Sous l'impulsion du Dr Alain Corvez (Mutualité sociale agricole) et Rémy Fromentin (Caisse nationale d'assurance maladie), le débat s'est ensuite centré sur une question de fond : notre système de santé est-il prêt à faire face à ce vieillissement annoncé de la population ? « Au niveau de la formation initiale, notre réaction a été un peu tardive. En effet, on vient tout juste d'introduire un module consacré au vieillissement dans les facultés de médecine », a répondu le Pr Jeandel. « Il convient donc que les médecins, qui n'ont pas eu cette formation initiale, puissent avoir accès à la formation continue.
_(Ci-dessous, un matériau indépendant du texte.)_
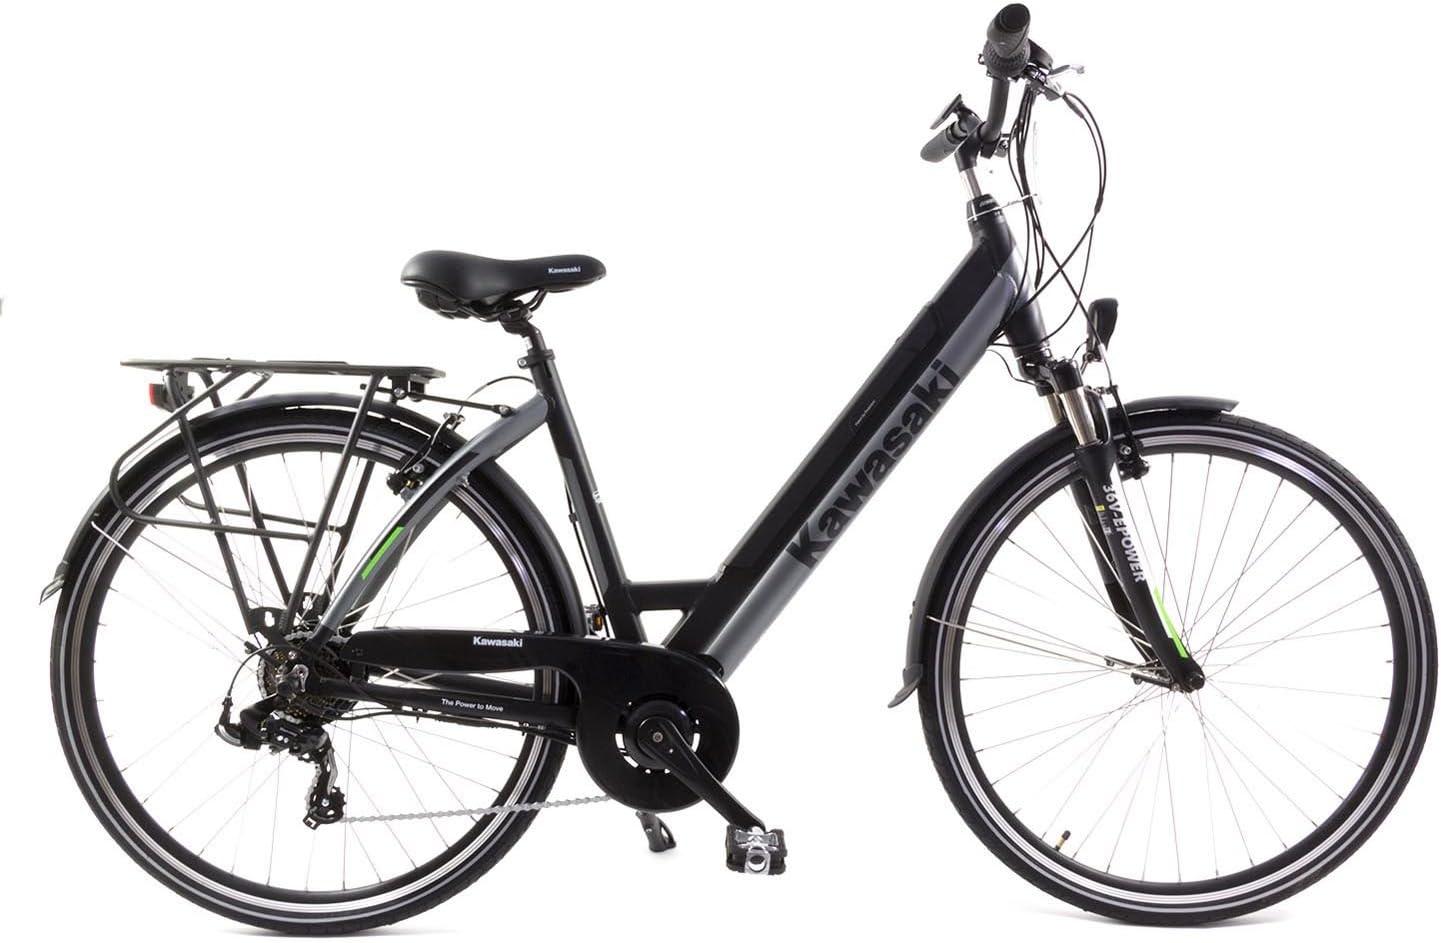 Kawasaki Trekking de Bike Lady: Amazon.es: Deportes y aire libre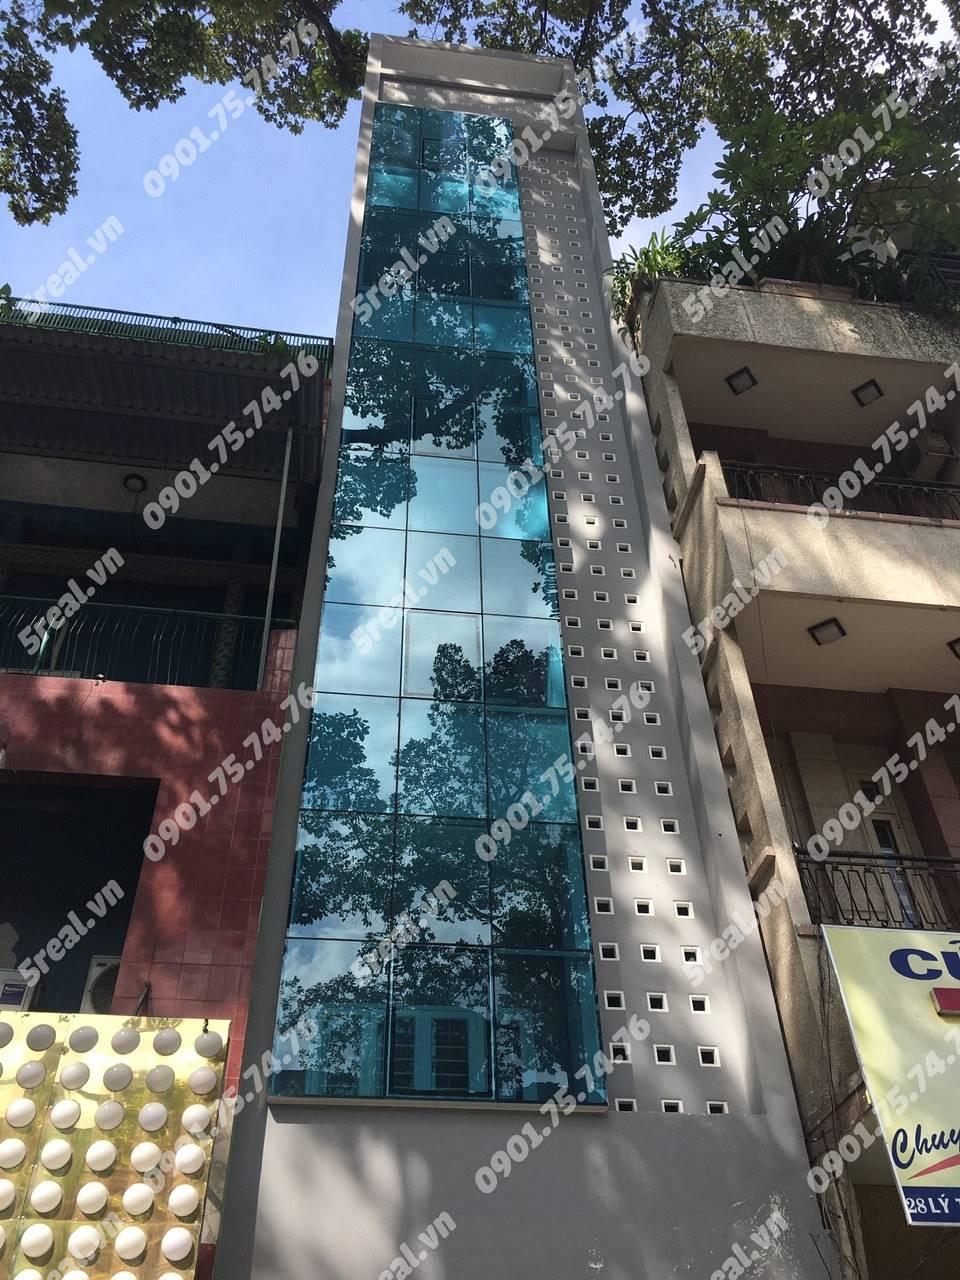 bm-building-ly-thuong-kiet-quan-10-cho-thue-van-phong-5real.vn-01

Il faut qu'ils sachent qu'il existe une capacité en gérontologie ainsi que différents DU dans ce domaine. Le problème ensuite est, bien sûr, de pouvoir suivre ces formations, ce qui n'est pas toujours facile pour les généralistes qui ont des contraintes de temps et des contraintes géographiques. »
Le médecine globaliste
Le Pr Jeandel a ensuite souligné la nécessité de disposer de médecins spécialistes pour prendre en charge certains problèmes complexes. « Mais il ne faut plus raisonner uniquement en terme de médecine spécialisée autour d'un seul organe. Aujourd'hui, face à la prise en charge du patient âgé, il faut des généralistes, c'est-à-dire des médecins capables de gérer des problématiques plurielles. »
Pour le Pr Jeandel, il convient donc de rendre son rôle de « médecin globaliste » au généraliste. « Ce qu'il faut aujourd'hui, c'est donner du temps à ces médecins, a-t-il ajouté. Une évaluation gérontologique, ce n'est pas un examen par scanner ou par IRM mais du temps médical pour calculer, peser un IMC, mesurer la taille ou les troubles de l'équilibre. Or aujourd'hui la consultation est mal adaptée à ce type de prise en charge. Et il est plus que nécessaire de revaloriser l'acte intellectuel du médecin généraliste. »
(1) Centre de recherches, d'étude et de documentation en économie de la santé.